Later that afternoon I climbed the ladder in the shed, teetered for a moment, regained my balance, and successfully tugged the hose from the highest shelf. I was formulating a plan to save my tree, but all the while I muttered words that I swear I never say. The anger simmered within in me that afternoon and well into the next day. Not rage with my well-meaning neighbor or with tree-trimming Travis, and certainly not with the tree. I was angry with me. Angry that I had ignored my trees. Fearful I had been self-absorbed and not attentive to what matters. My trees, my yard, and this Earth are my home. They are our home. They reach out to us when we need to listen—and we need to listen.

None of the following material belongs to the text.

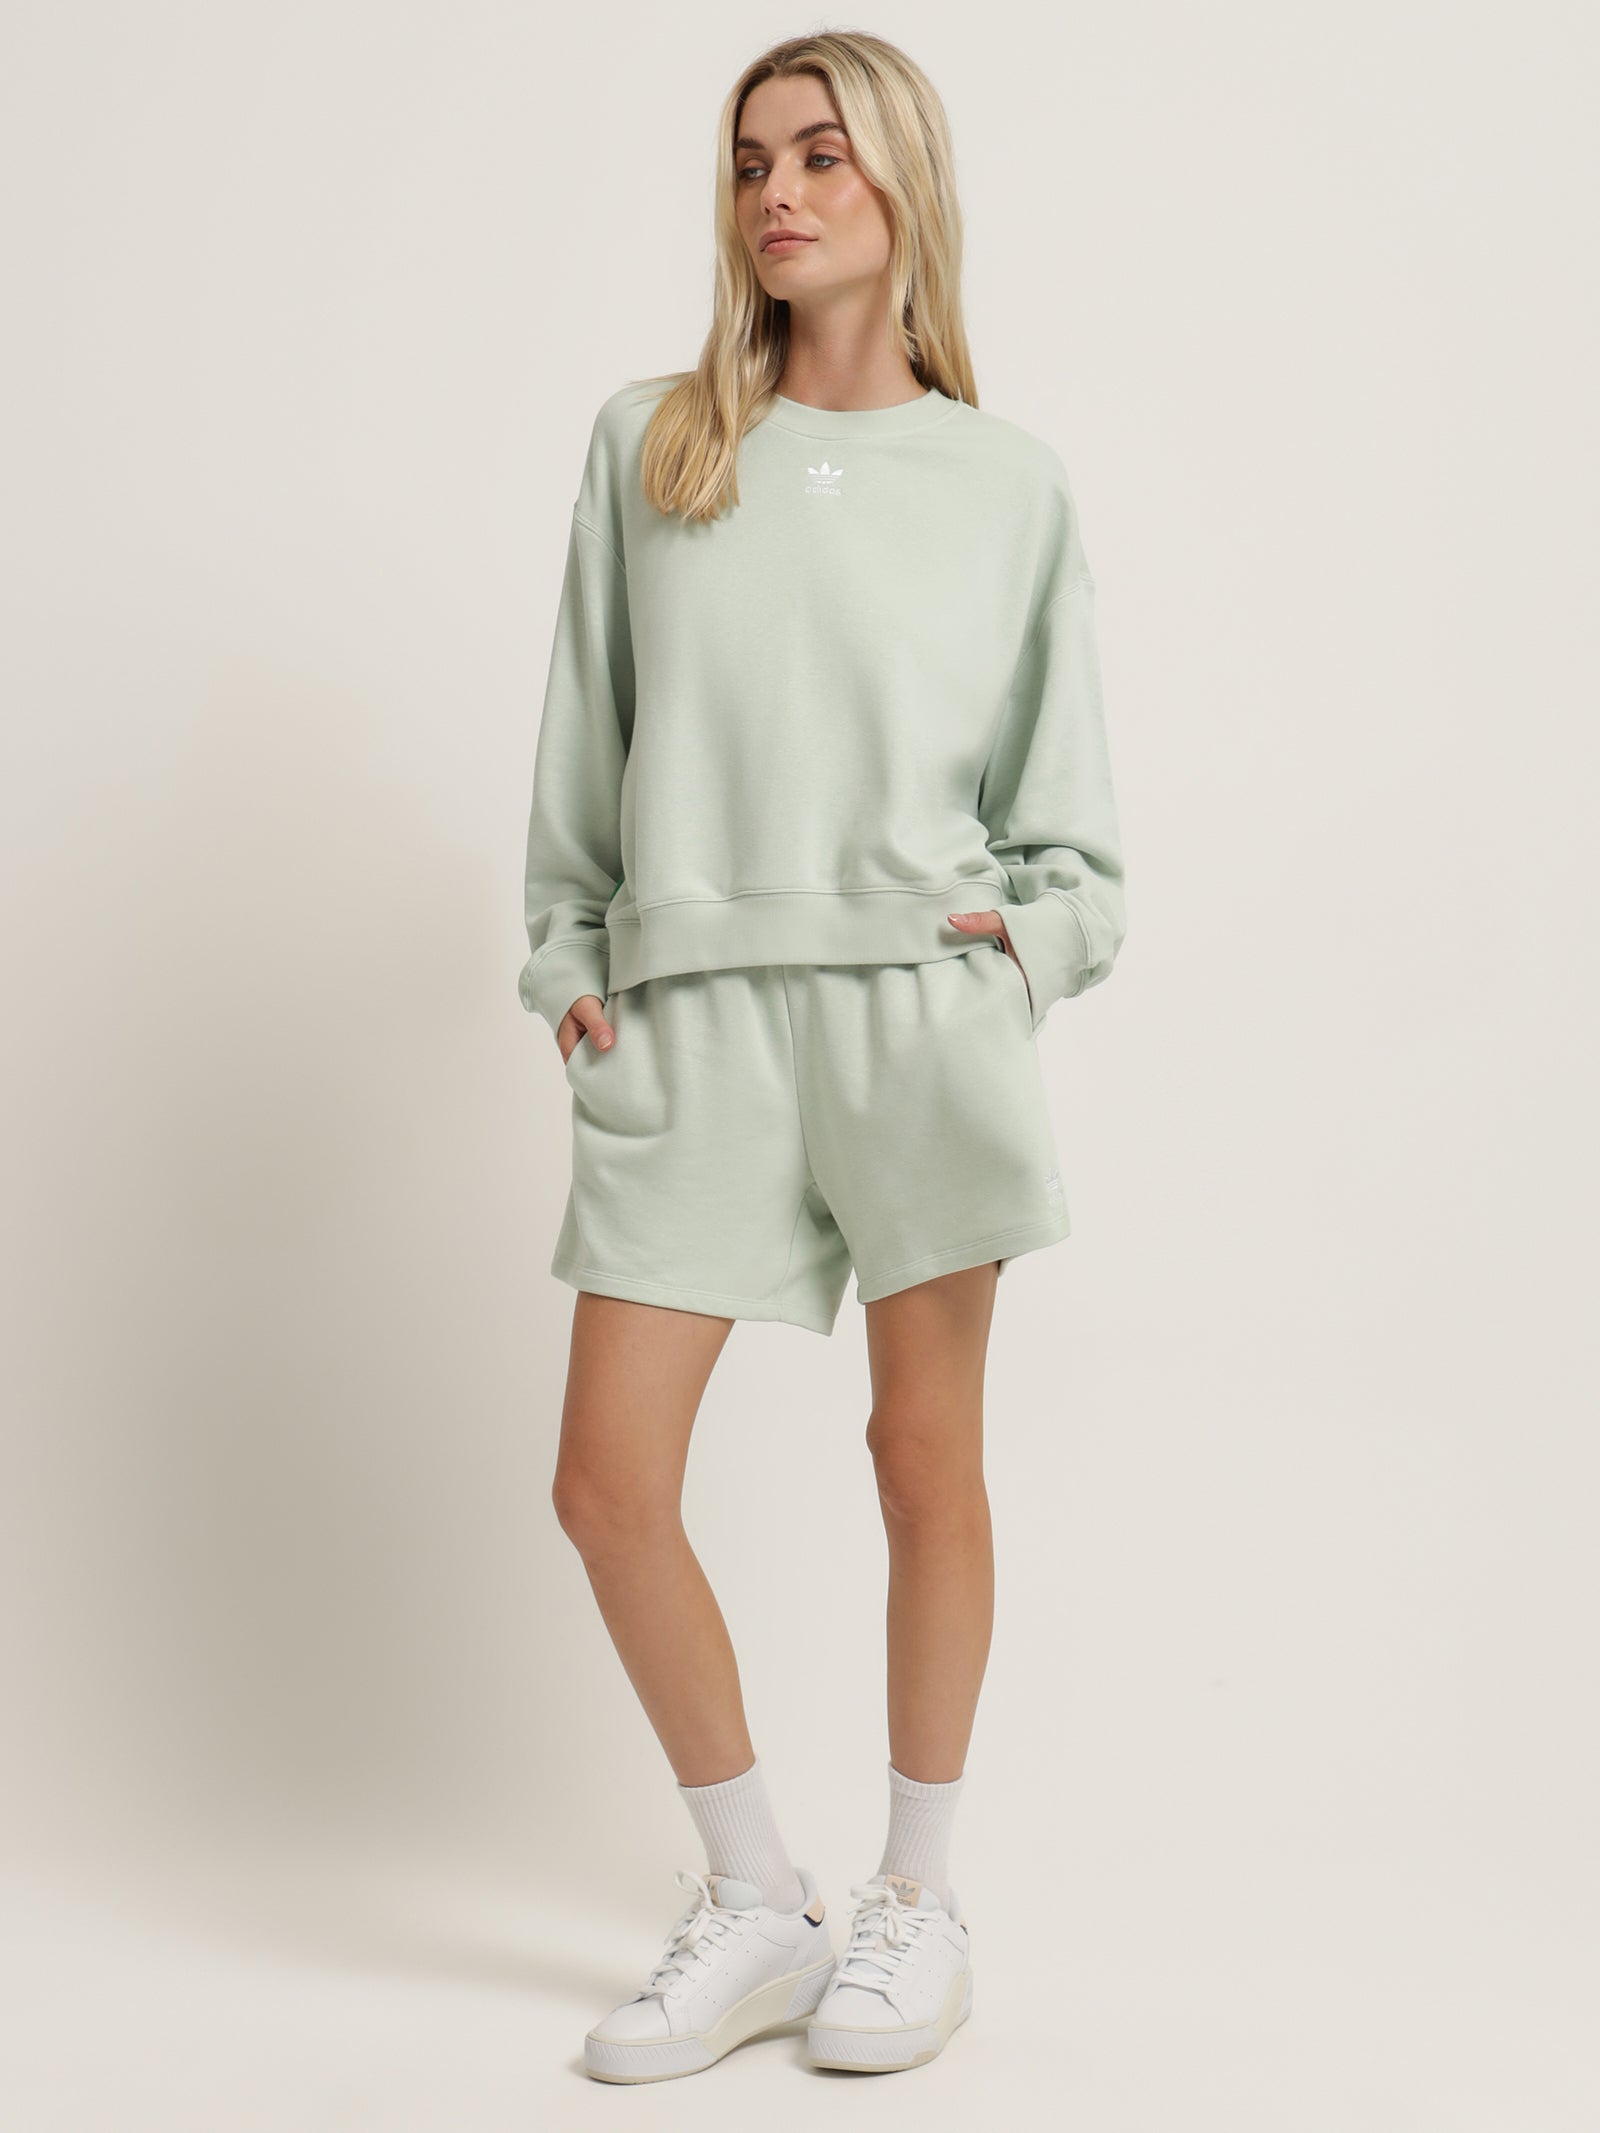 Essentials + Made With Hemp in - Linen Store Glue Green Sweatshirt
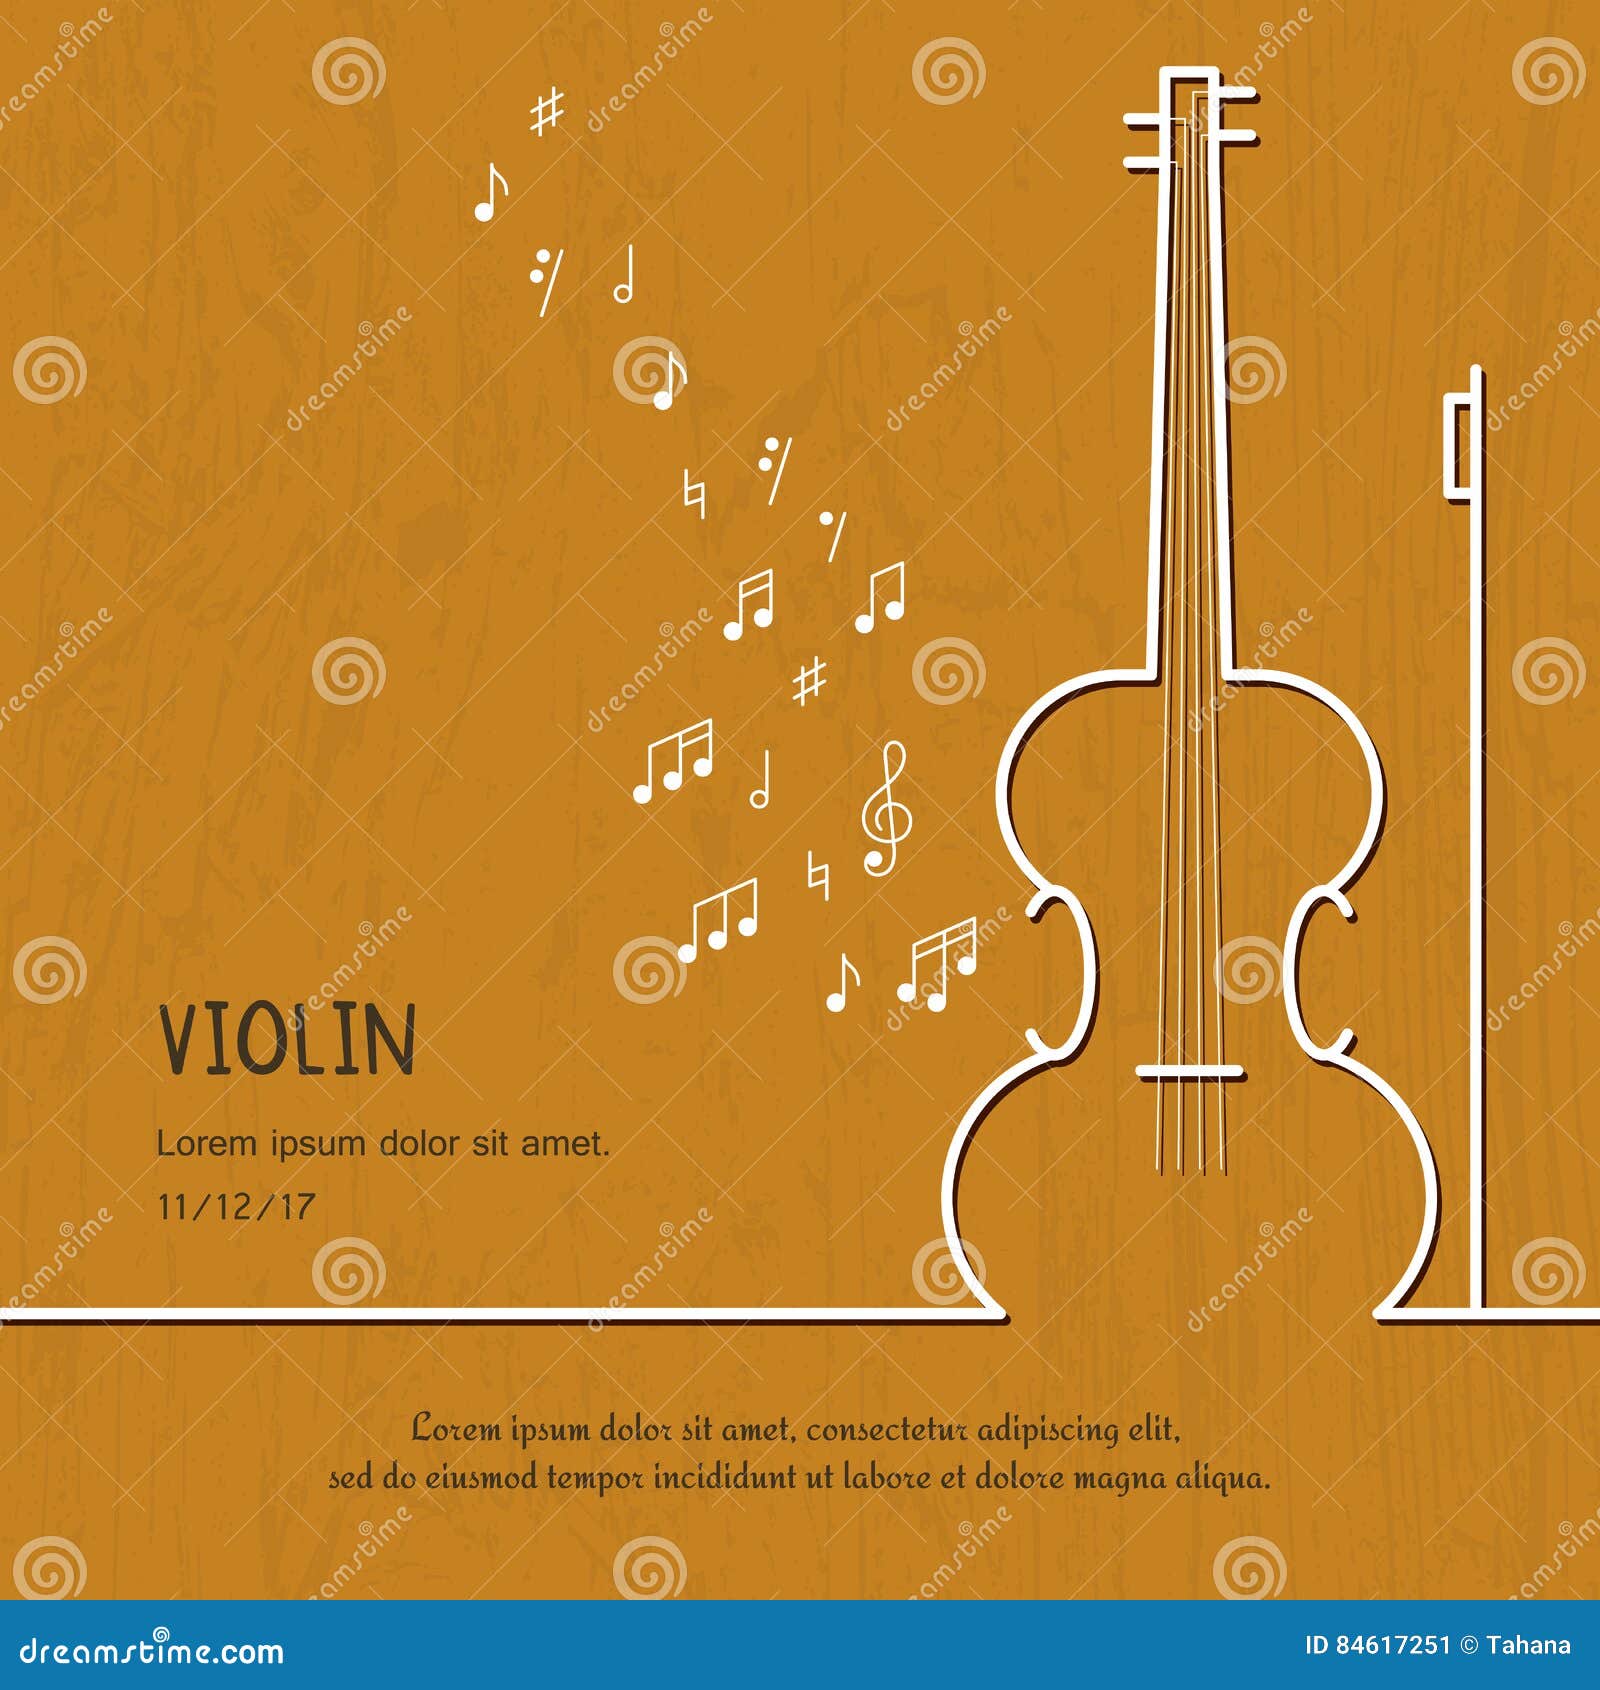 Violin: Âm nhạc cùng Violin mang đến cho chúng ta một trải nghiệm âm nhạc đầy cảm xúc. Hãy cùng khám phá hình ảnh những nghệ sĩ violin tài năng và những buổi biểu diễn đầy ấn tượng.

In the coming weeks I watered, pruned, fertilized, weeded, and attempted repairs to my sprinklers. Even in the heat. Early in the morning I learned to talk to my tree and share a litany of gratitude when I entered my yard.
The Tipu has returned. She even has a baby sprouting in her shadow. I realize both my tree and Greta Thunberg have become my best COVID teachers. We all need to pause and work to honor this Earth. Amid this pandemic, this may be one of the most important gifts I carry forward. I hope you will join me.